An optional + or - symbol, denoting the sign of the mantissa (if this is not present, MASM assumes that the mantissa is positive)
Followed by one or more decimal digits
Followed by a decimal point and zero or more decimal digits
Optionally followed by an e or E, optionally followed by a sign (+ or -) and one or more decimal digits

The decimal point or the e/E must be present in order to differentiate this value from an integer or unsigned literal constant. Here are some examples of legal literal floating-point constants:

1.234  3.75e2  -1.0  1.1e-1  1.e+4  0.1  -123.456e+789  +25.0e0  1.e3

A floating-point literal constant must begin with a decimal digit, so you must use, for example, 0.1 to represent .1 in your programs.

To declare a floating-point variable, you use the real4, real8, or real10 data types.

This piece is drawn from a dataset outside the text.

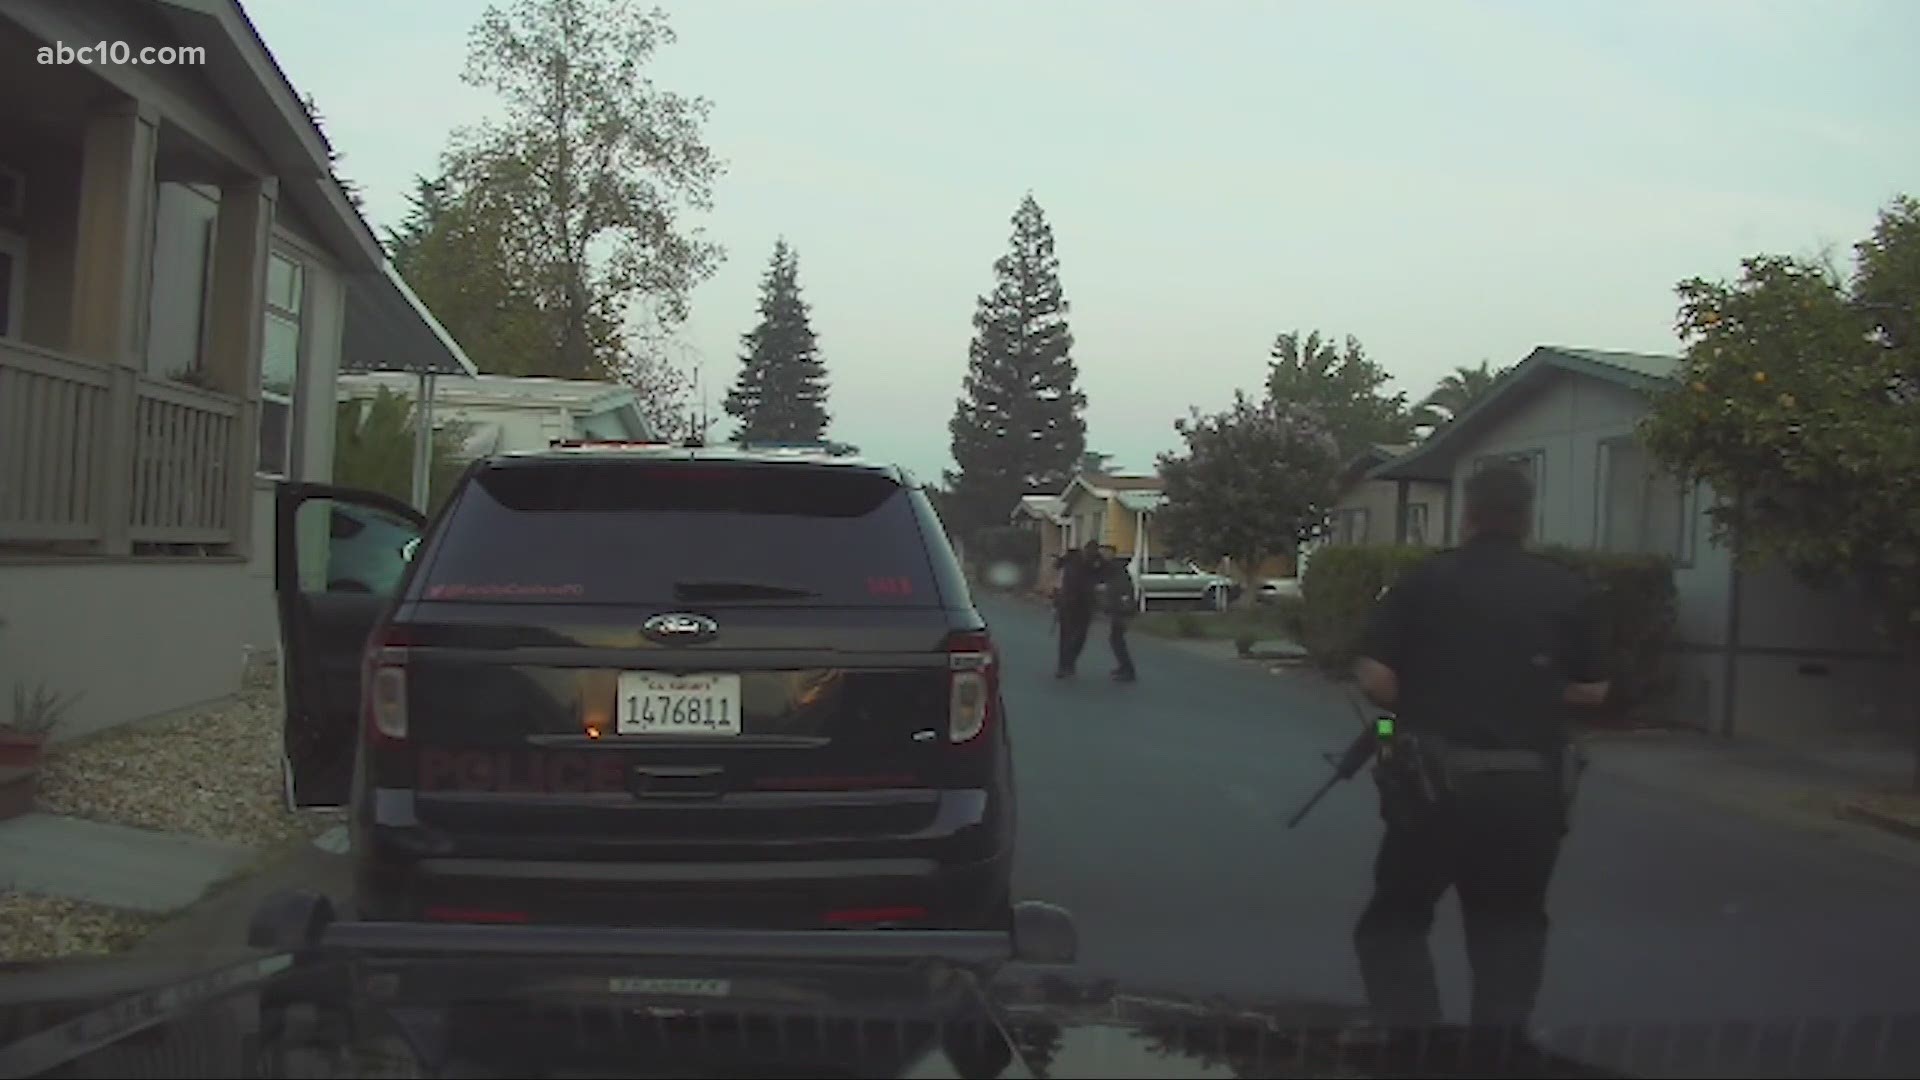 Sacramento County Sheriff's Department released a video with new information and dashcam footage from a shooting that left two dead and put a deputy in the hospital.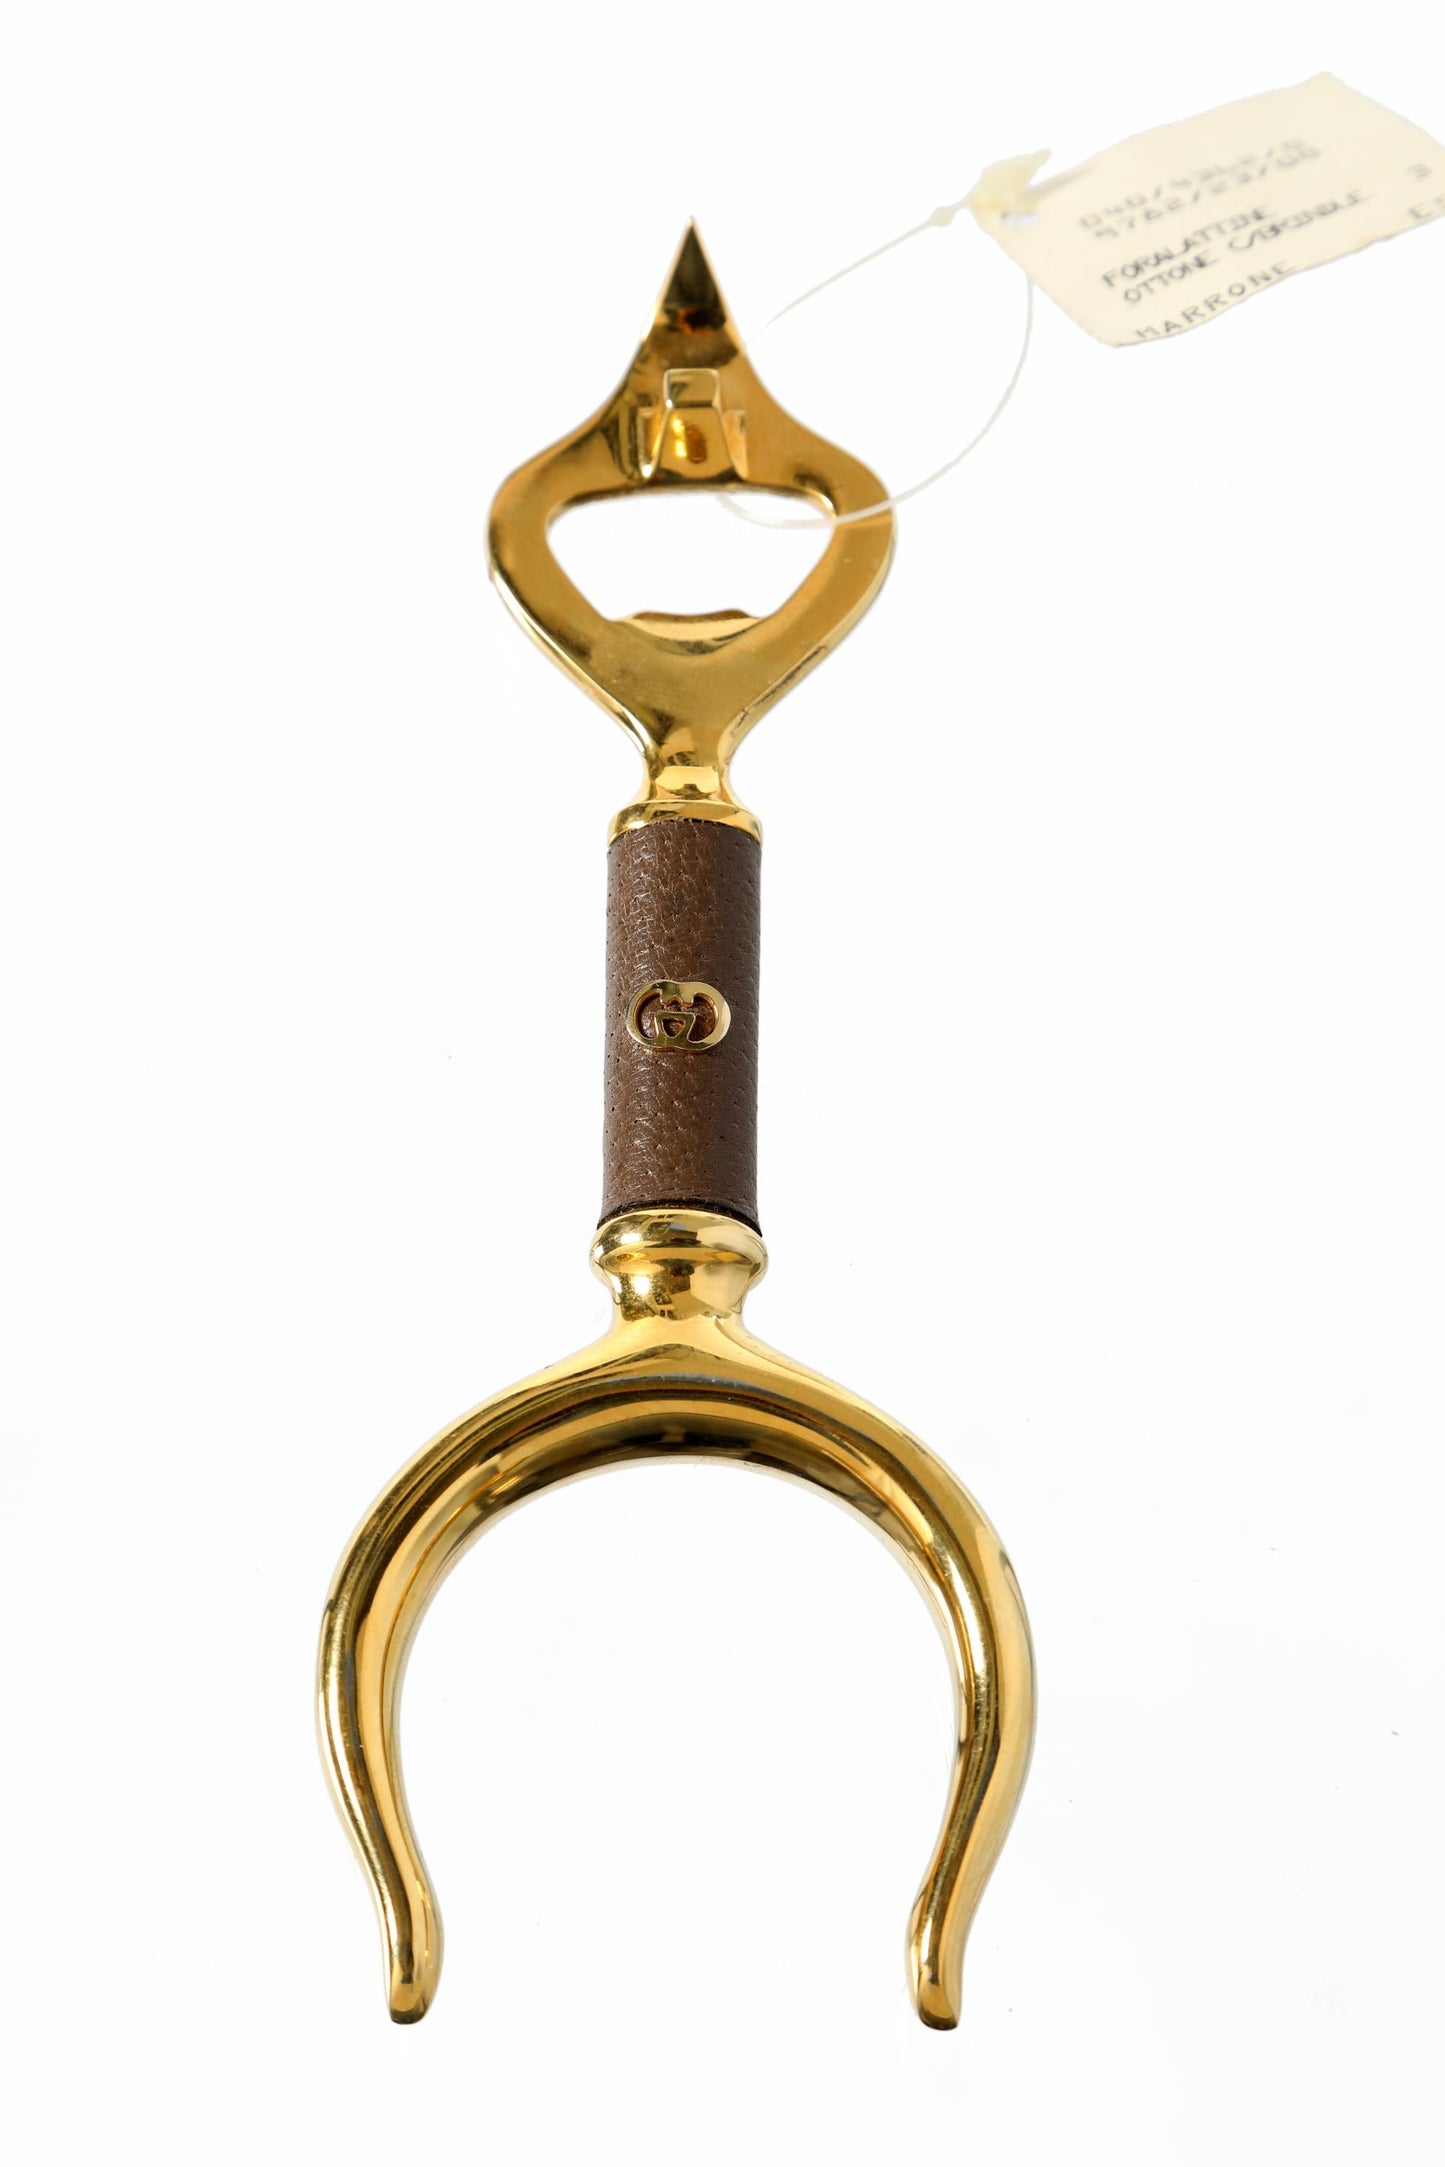 Gucci corkscrew from the 80s

The number at the end of these data type declarations specifies the number of bytes used for each type’s binary representation. Therefore, you use real4 to declare single-precision real values, real8 to declare double-precision floating-point values, and real10 to declare extended-precision floating-point values. Aside from using these types to declare floating-point variables rather than integers, their use is nearly identical to that of byte, word, dword, and so on. The following examples demonstrate these declarations and their syntax:

         .data

fltVar1  real4  ?
fltVar1a real4  2.7
pi       real4  3.14159
DblVar   real8  ?
DblVar2  real8  1.23456789e+10
XPVar    real10 ?
XPVar2   real10 -1.0e-104

As usual, this book uses the C/C++ printf() function to print floating-point values to the console output. Certainly, an assembly language routine could be written to do this same thing, but the C Standard Library provides a convenient way to avoid writing that (complex) code, at least for the time being.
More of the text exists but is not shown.